Haider Anwar Khan Juno no more

Haider Anwar Khan Juno no more

Noted freedom fighter and one of the most prominent communist leaders Haider Anwar Khan Juno died today at a Dhaka hospital. He was 75.

"Haider Anwar Khan Juno died at 1:25pm at Gonoshasthaya Nagar Hospital," Monjur Moin, a leader of Communist Party of Bangladesh, told The Daily Star.

Haider Anwar, younger brother of presidium member of CPB, Haider Akbar Khan Rono, left behind his wife, a son and a daughter.

He had been suffering from different old age-related complications.

He was admitted, in late September, at Square Hospital as he was suffering from pneumonia when he had a heart attack.

He also had other health complications including kidney disease.

Haider Anwar Khan Juno was born on December 29, 1944, in Kolkata.

His father Hatem Ali Khan was an engineer. He was the grandson of Syed Nausher Ali, a politician of prominence in British India.

Haider attended St. Gregory's School in Dhaka and completed his higher secondary education from Notre Dame College.

He enrolled in the Department of Theoretical Physics in the University of Dhaka, from where he attained honours and masters degrees with first class.

A member of the East Pakistan Students' Union, the student wing of the East Pakistan Communist Party (EPCP) (undivided), he was imprisoned for his participation in the 1962 Education Movement against the anti-people education policy proposed by the notorious Sharif Education Commission, which was appointed by the autocratic regime of Field Marshal Ayub Khan, then President of Pakistan.

In 1966, Haider Anwar Khan Juno became the Vice President of the East Pakistan Student Union (Menon), the student wing of the pro-Peking EPCP (M-L).

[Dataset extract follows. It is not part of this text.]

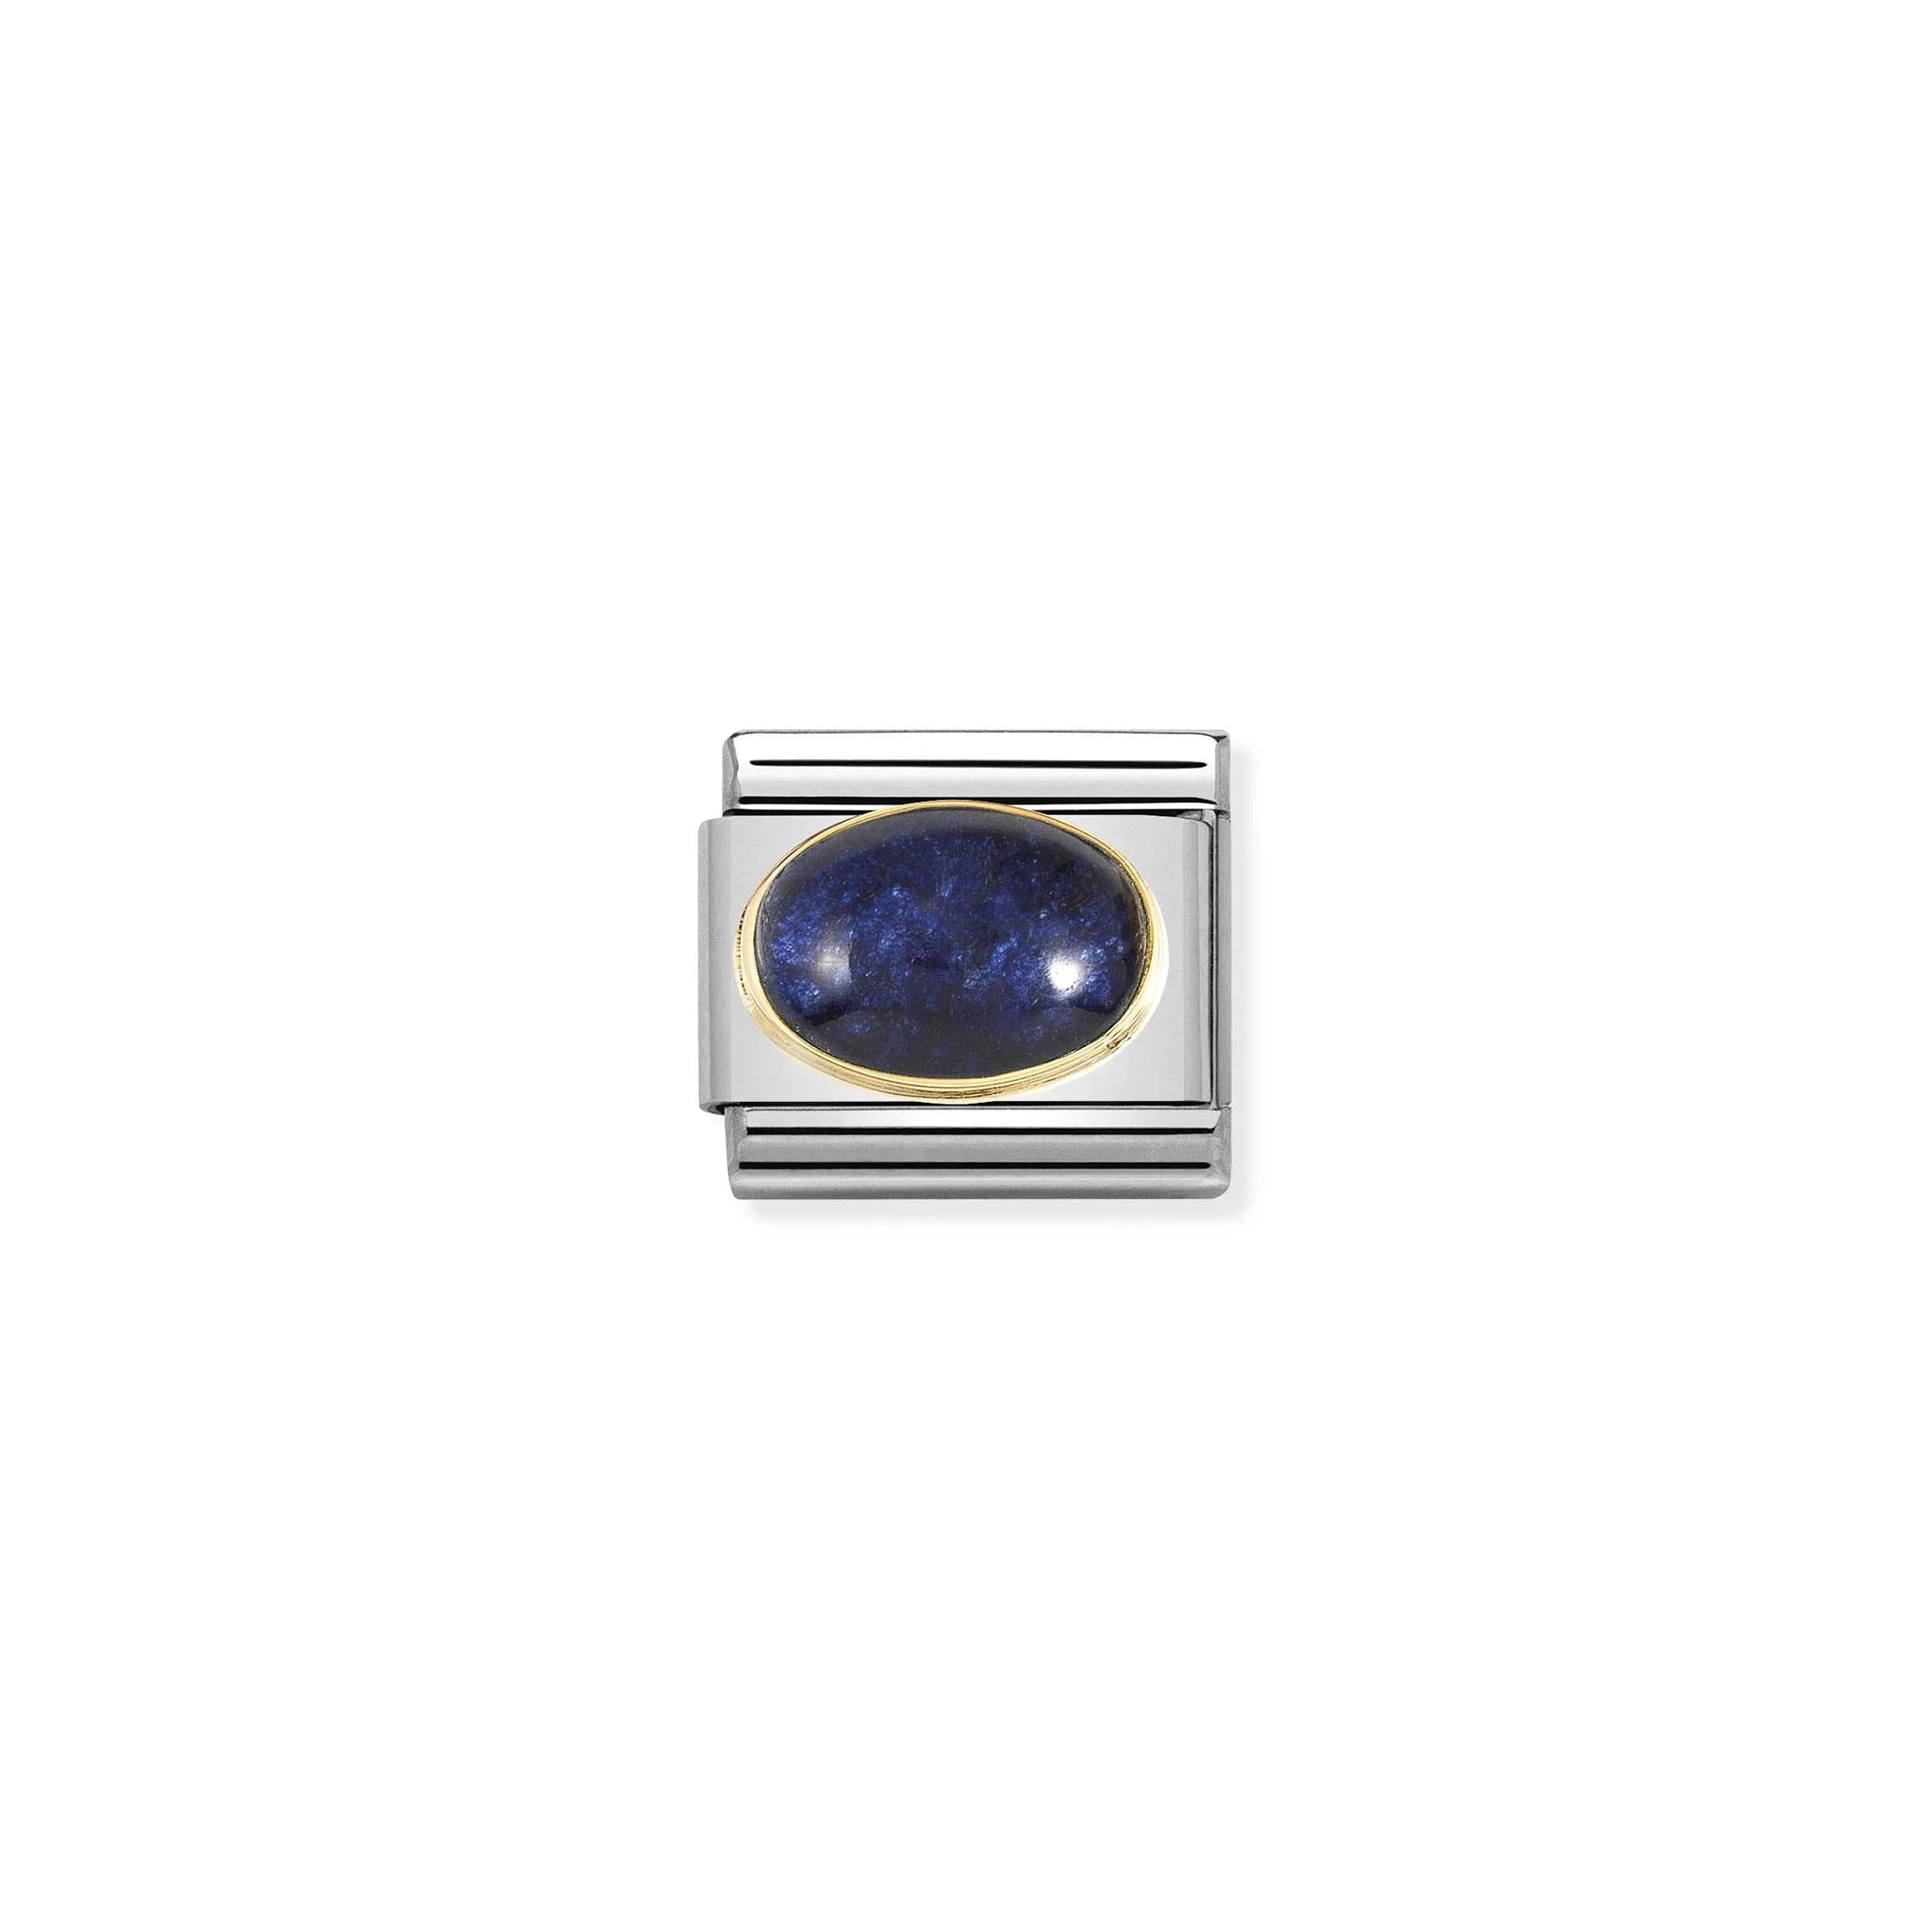 A Nomination charm link featuring an oval blue rock crystal stone with gold surround

In 1969, the Biplobi Chhatra Union (Revolutionary Student Union) was formed, and he was its founding President.

He was one of the key organisers of the 1969 mass uprising against the autocratic regime that forced Ayub Khan down from power.

Haider Anwar Khan Juno was in the leadership of the cultural organisation Kranti, which operated among workers and peasants in the rural and industrial areas.

He was in the central body of the Co-ordination Committee of Communist Revolutionaries of East Bengal, the pro-Peking party, which was one of the communist organisations waging guerrilla warfare against the Pakistani armed forces in the 1971 Liberation War.

In Shibpur of Narsingdi, a district in eastern Bangladesh, Haider Anwar Khan Juno and his comrades organised their guerrilla base, and confronted the Pakistani army.

He himself took part in at least five frontal military actions, in all of which the Pakistani forces had to retreat.

During the nine months of the Liberation War, Shibpur stood liberated as the Pakistani forces could not manage to enter the area. Haider was the Second-in-Command of the guerrilla force.

After liberation, as the Co-ordination Committee reorganised itself as the Leninist Communist Party, which operated through its legal front United People's Party, he was a member of the central body of both the organisations.

Later, retiring from party politics, he became fully active in the cultural front.

He was the President of the Gono Shangskriti Front (People's Cultural Front), a platform of people's cultural organisations following anti-revisionist politics. He was also the general secretary of the Bangladesh-Cuba Solidarity Committee.

He had authored several books.

In 1975, he authored a two-part book on physics for undergraduate students in Bangla.

"Ekattorer Ronangon: Shibpur" is a recollection of his involvement in the guerrilla warfare waged during the Liberation War of Bangladesh in 1971.

"Agun Jhora Shei Dingulo" is his autobiographical sketch. His work of fiction, a novel, is "Shomoy Duhshomoy".